Thursday, December 18, 2008

Human Rights Consultation - terms of reference

The terms of reference for the Human Rights Consultation headed by Frank Brennan are as follows:

Terms of Reference
The Australian Government is committed to the promotion of human rights—a commitment that is based on the belief in the fundamental equality of all persons.

The Government believes that the protection and promotion of human rights is a question of national importance for all Australians, and for this reason has appointed a Committee to undertake an Australia-wide community consultation for protecting and promoting human rights and corresponding responsibilities in Australia. The Government has given the Committee Terms of Reference to guide their work.

The Committee will ask the Australian community:

Which human rights (including corresponding responsibilities) should be protected and promoted?
Are these human rights currently sufficiently protected and promoted?
How could Australia better protect and promote human rights?
In conducting the consultation the Committee will:

consult broadly with the community, particularly those who live in rural and regional areas
undertake a range of awareness raising activities to enhance participation in the consultation by a wide cross section of Australia’s diverse community
seek out the diverse range of views held by the community about the protection and promotion of human rights
identify key issues raised by the community in relation to the protection and promotion of human rights, and
The Committee will report to the Australian Government by 31 July 2009 on the issues raised and the options identified for the Government to consider to enhance the protection and promotion of human rights. The Committee is to set out the advantages and disadvantages (including social and economic costs and benefits) and an assessment of the level of community support for each option it identifies.
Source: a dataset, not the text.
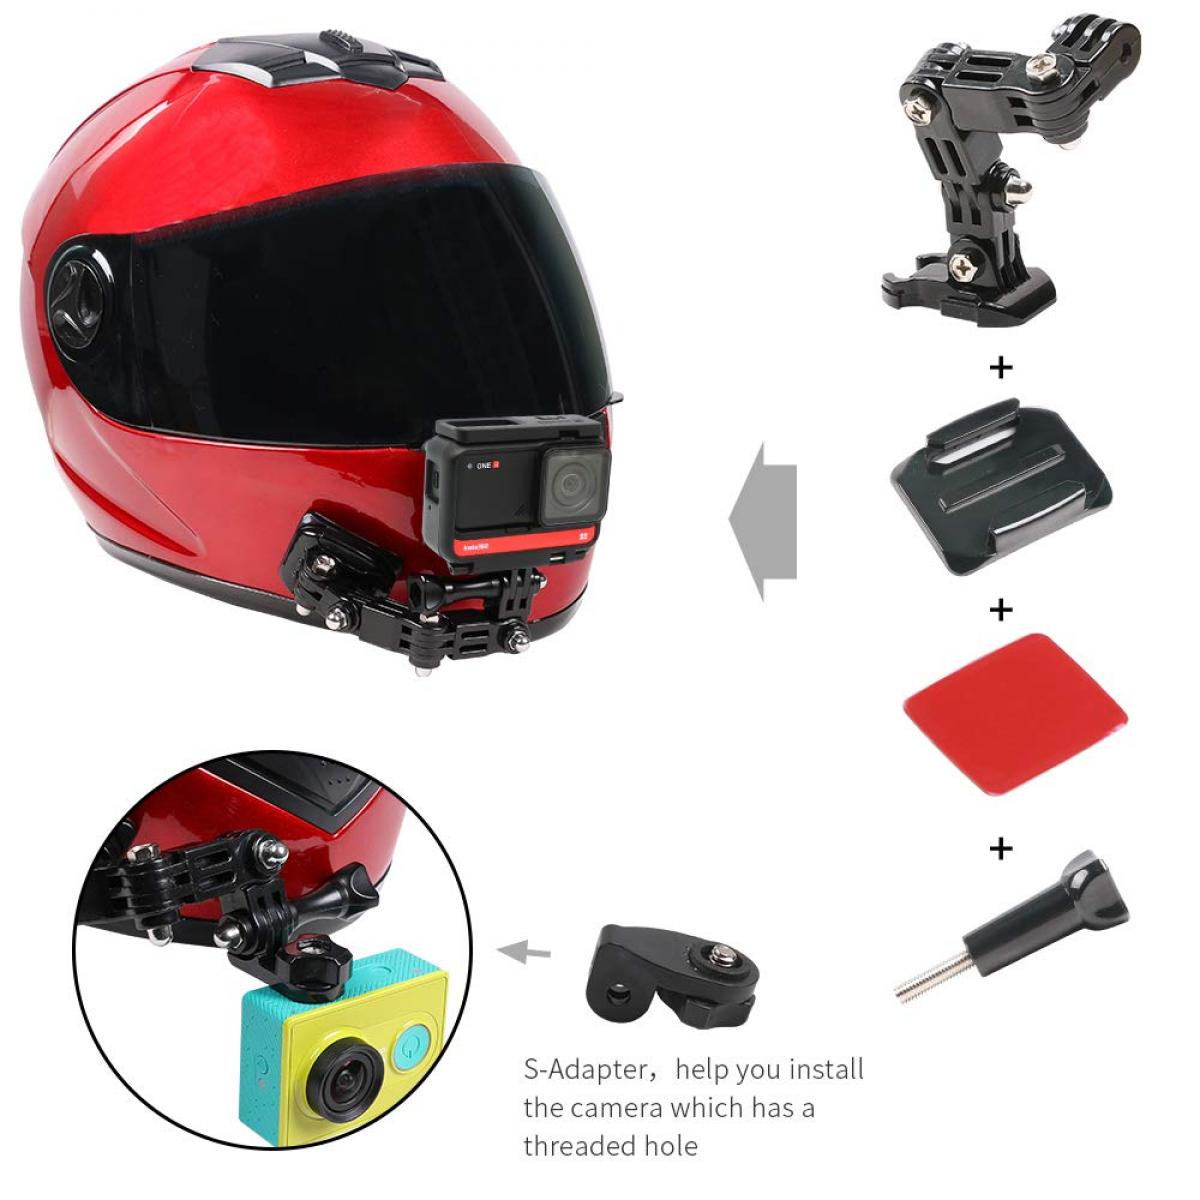 Meilleur Support casque caméra moto 2022 - Le Pratique du Motard

The options identified should preserve the sovereignty of the Parliament and not include a constitutionally entrenched bill of rights.

I love the last bit of this, which rules out the obvious solution right from the start. The most obvious approach of a having constitutionally-entrenched Bill of Rights is not even to be one of the options in this exercise! The most we can hope for is some kind of weak charter that may make legislatures think again when contemplating actions that further abridge individual rights (before going ahead and abridging them anyway, at least whenever doing so has populist appeal).

Personally, I doubt that there is any prospect of getting a referendum through to produce constitutional change, so I concede that we do need to think hard about second-best solutions. That, however, is not a reason to rule it out constitutional change from the very beginning.

It gets the whole exercise off to a dismal start.